Exercise objective:
Keep the images out and set the listing below down word for word.

Data:
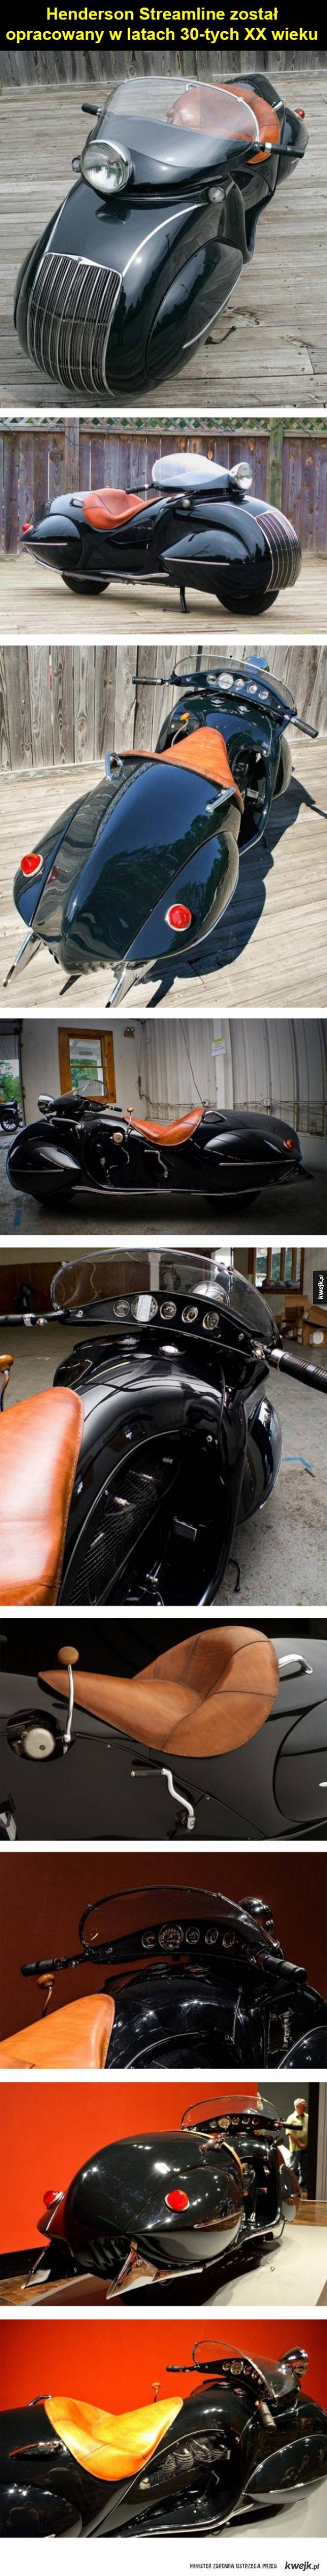 Najfajniejszy motocykl
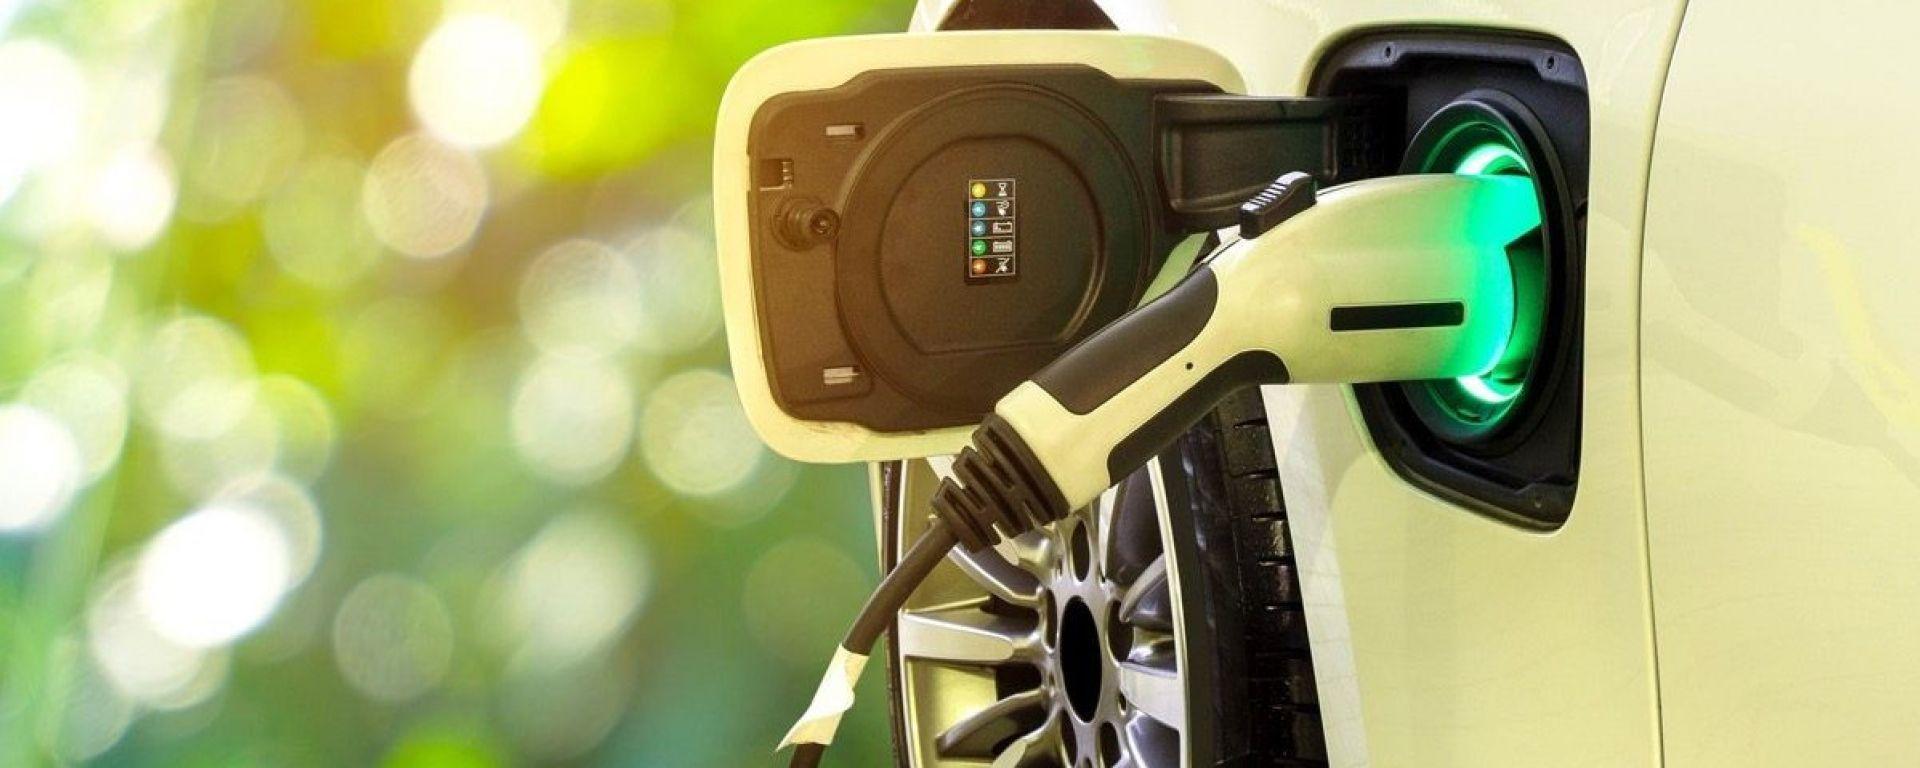 Ecobonus auto 2019, stanziata la seconda tranche di fondi pubblici
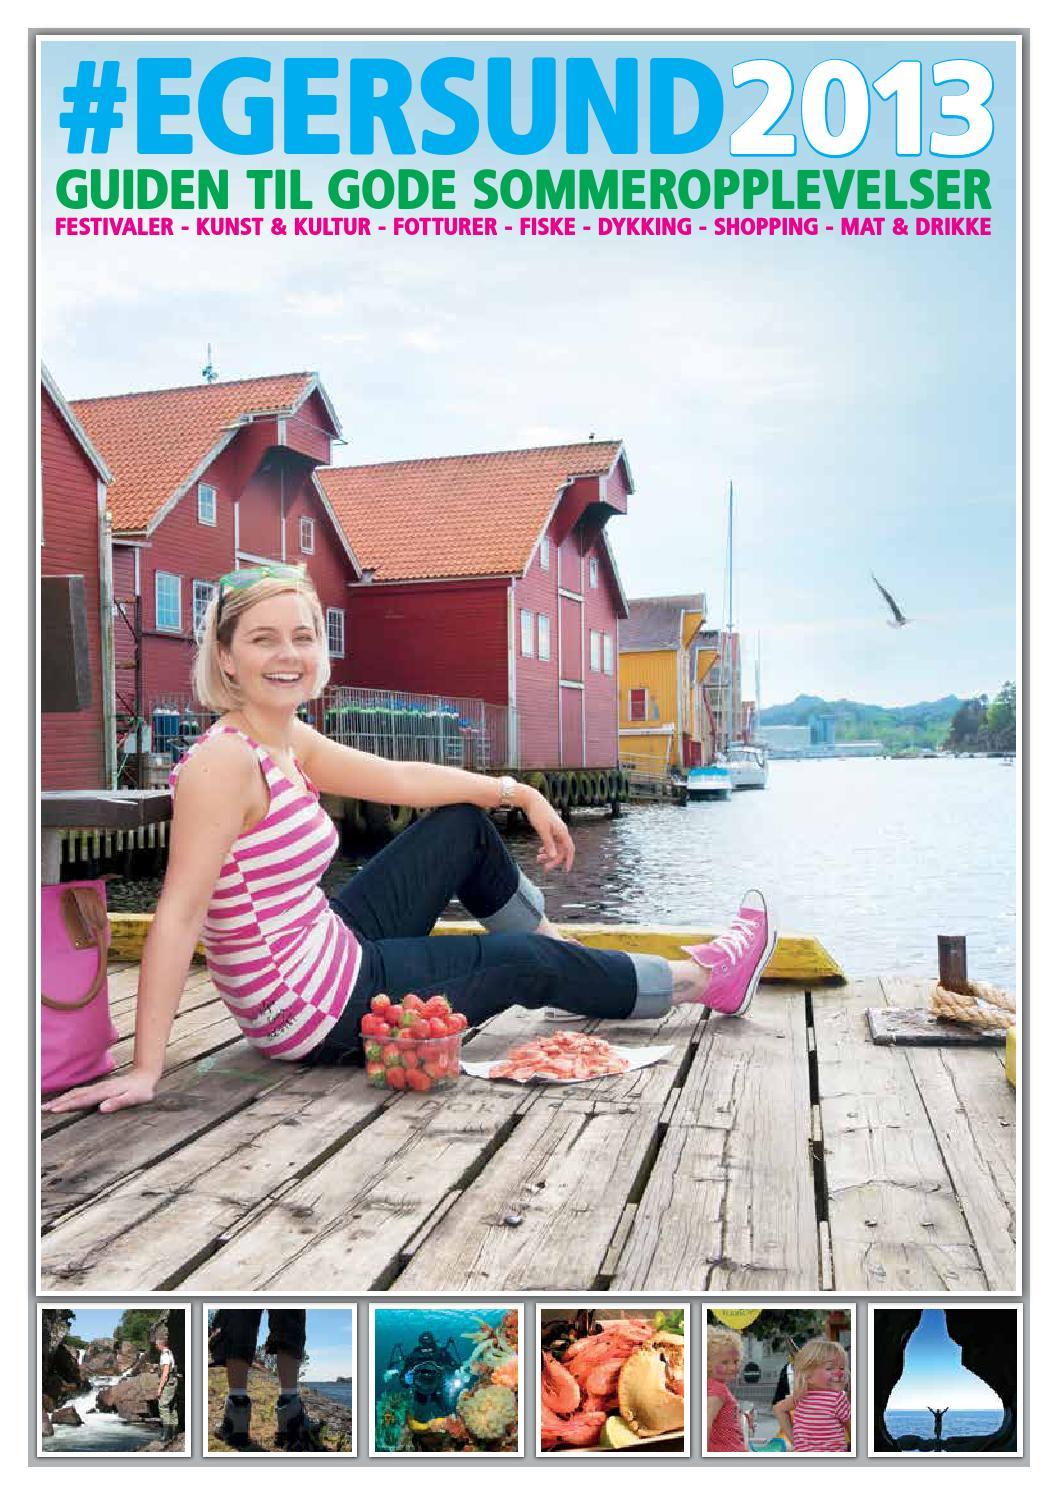 norske damer fra eigersund på jakt etter menn svenske damer på jakt etter sex kompis i nordland

Your solution:
 Najfajniejszy motocykl
 Ecobonus auto 2019, stanziata la seconda tranche di fondi pubblici
 norske damer fra eigersund på jakt etter menn svenske damer på jakt etter sex kompis i nordland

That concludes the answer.